• Critique Schwarz Ragnarök T.2 par

    Au départ, il y avait un sacrifice , un sacrifice humain bien entendu, un sacrifice qui a pour but d'empêcher le Mal avec un grand M de se répandre sur la surface du royaume tout en déboulonnant au passage les têtes de centaines de milliers de personnages...

    Nous sommes au tome 2 de Schwarz Ragnarok et cette fois-ci, le miracle tant attendu par des milliers de personnes n'a pas eu lieu. C'est l'heure de la décapitation de masse ! 

    Le premier tome de Schwarz Ragnarok était loin d'être convaincant. J'avais personnellement trouvé le début de cette mini-série brouillon, bruyant et grossier. Une sorte d'ersatz de Berserk (sans vouloir faire de comparaison outrageante) qui aurait tenter de calquer sur l'œuvre de Keitaro Miura un semblant de pessimisme et de violence cruelle. Et bien, ce second opus m'a plutôt surpris car, même si il élimine pas totalement les défauts du premier volume, on finit par adhérer à l'univers.
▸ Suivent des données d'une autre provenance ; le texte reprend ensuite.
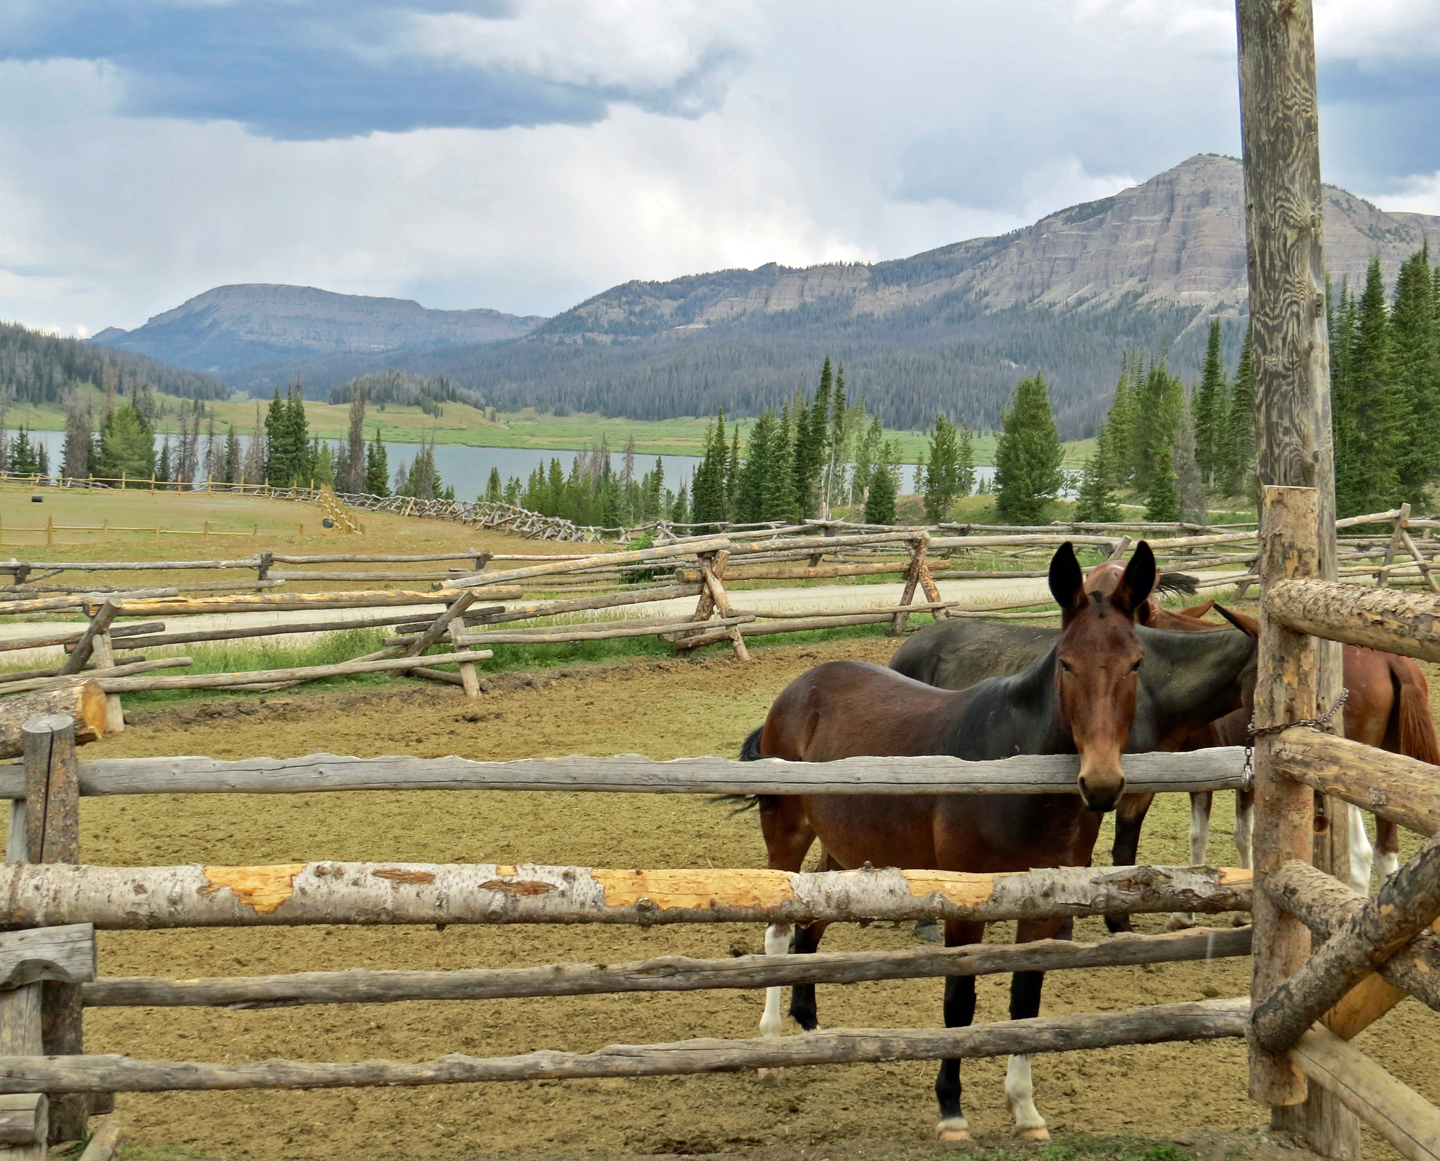 The beloved herd of horses at Brooks Lake Lodge take guests on spectacular backcountry trail rides through the property’s breathtaking natural surroundings.
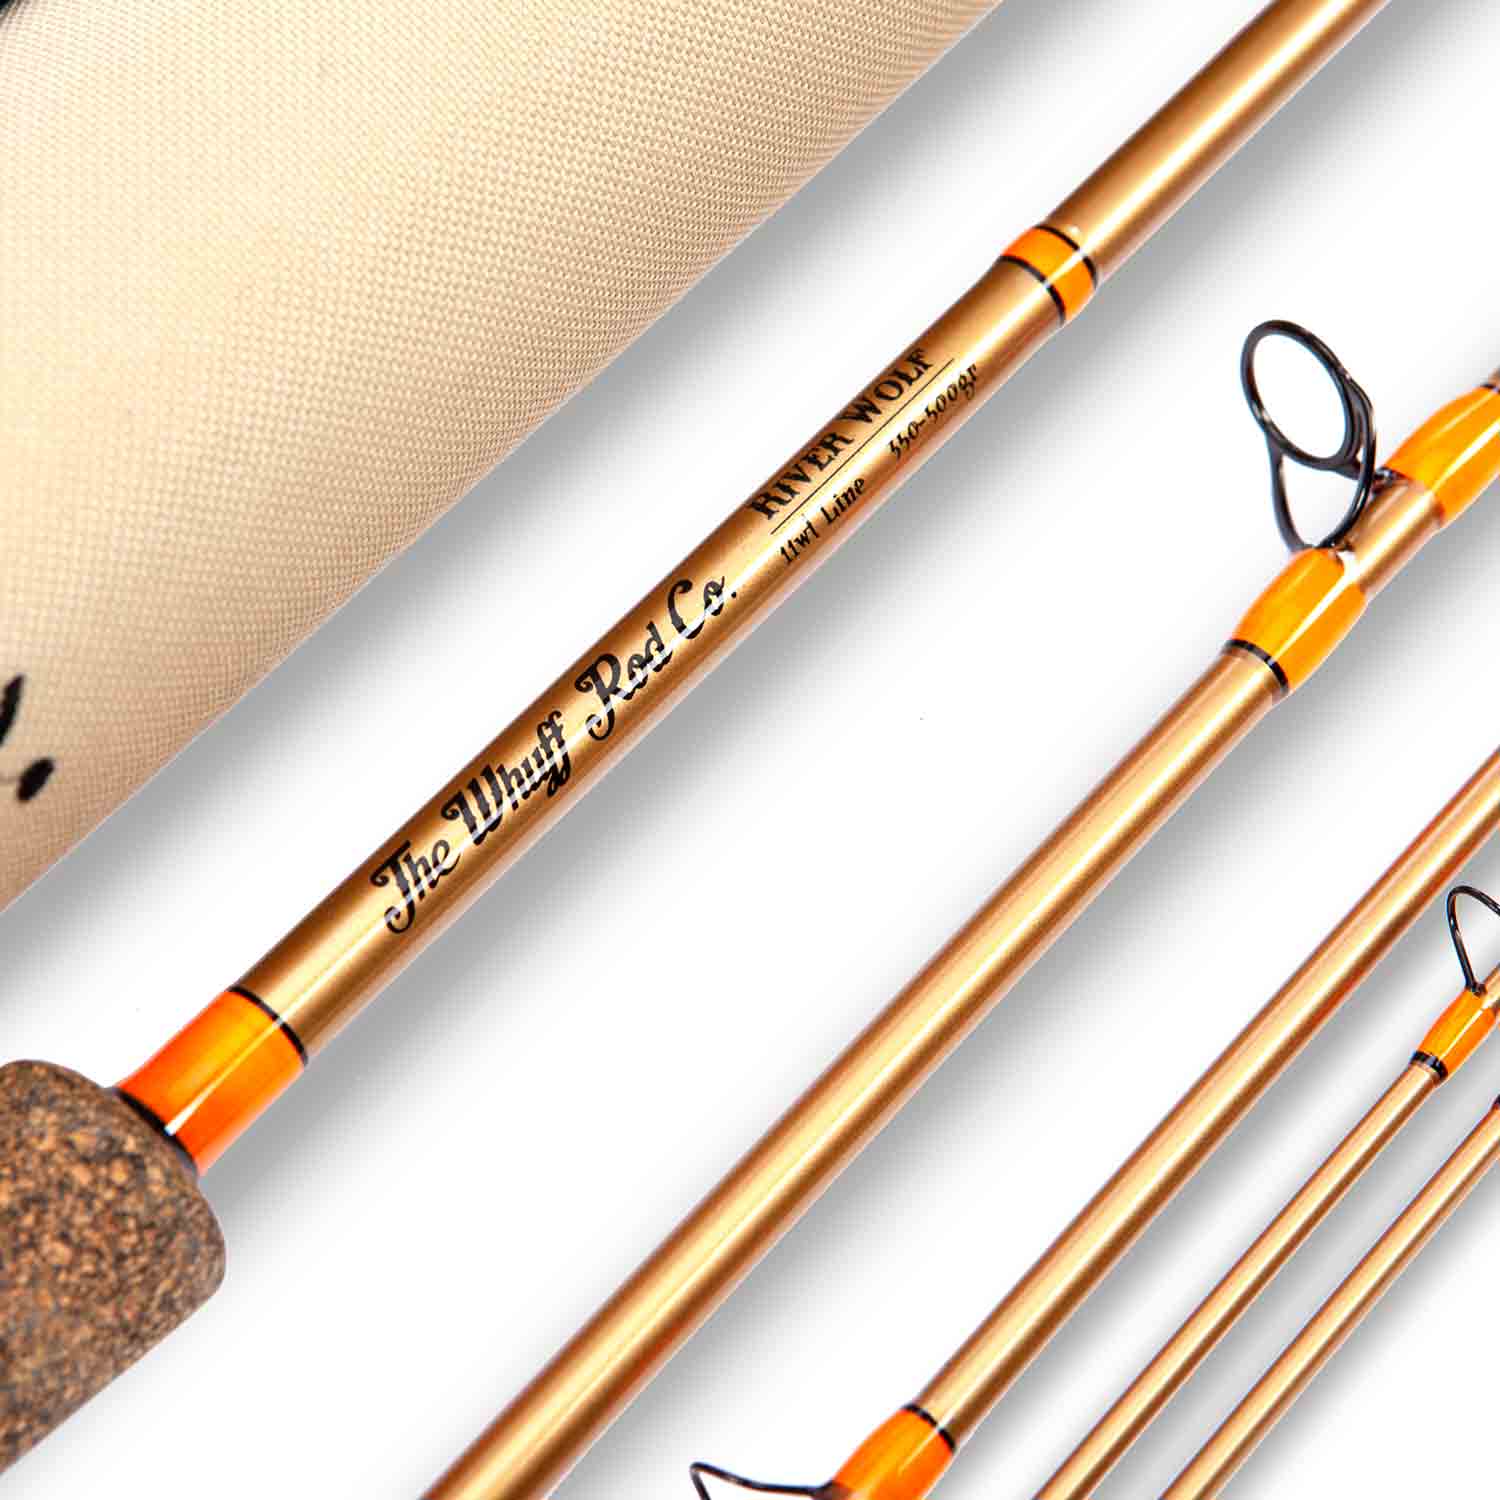 Whuff Rod Co River Wolf 11wt Fly Rods

    Dans ce second volume, le sacrifice n'a donc pas eu lieu. Gram décide de sauver in extremis sa soeur Thrasilla ce qui provoque inévitablement l'éveil de la Bête. Le mangaka Yuki Imada prend un malin plaisir à peindre le massacre qui s'en suit et il faut bien reconnaître que l'auteur  fait preuve d'une certaine inventivité dans ces scènes assez cruelles. Une case illustre cet exemple avec toute une vision sur des corps décapités en un seul coup dans un gradin. C'est effrayant mais c'est aussi fascinant comme si le mangaka choisissait de ne pas mettre de barrières.

    Du coup, ce tome 2 renverse les codes et pose sa véritable intrigue. Nous sommes dans un jeu de survie et dans le même temps nous découvrons aussi les vrais visages des amis et des ennemis. Là où le début de la série affichait un départ un peu grossier et peu inspiré, ce second tome soulève le voile et on sent que l'auteur se fait davantage plaisir. Les scènes de combats sont plus charismatiques, le background est plus étoffé avec vraiment une certaine confusion dans le mal qui rend ce titre parfois assez nihiliste. Ce n'est pas du même niveau que Berserk mais on sent que le manga s'inspire aussi de cet univers de dark fantasy cruel et pessimiste. Cela se ressent par le portrait des antagonistes. De véritables monstres assoiffés de pouvoir et rendus monstrueux par leurs ambitions. Ce qui relève le niveau de cette courte série ( 4 tomes ) dans ce second opus, c'est le fait qu'on finisse par accepter le côté démesuré du manga, sa violence excessive, le dessin peu soigné mais ultra-expressif. Schwarz Ragnarok est un manga qui nous hurle tellement à  l'oreille son désir d'exister qu'au final on ne peut que jeter un coup d'œil sur cet apocalypse parfois grossière , parfois spectaculaire. La confrontation totalement WTF avec l'un des sénateurs représente plutôt un bon moment épique et presque biblique comme si notre héros venait à affronter toute une arche de Noé. 

    Malheureusement, même si le niveau est plus relevé , il faut aussi reconnaître que Schwarz Ragnarok conserve ses tares. Son dessin est confus et manque de soin. C'est un style très bourrin dénué de finesse. Yuki Imada préfère imposer un dessin bruyant quitte à sombrer dans l'exagération et la disproportion. De même, malgré leurs choix et leurs revirements, les personnages principaux demeurent peu travaillés. On a du mal à s'attacher à eux. Gram n'est qu'une armoire à glace qui veut protéger sa pulpeuse et fragile petite sœur. Même les nouveaux personnages peinent à se démarquer. Seul l'intrigue prend un tournant décisif dans ce second volet.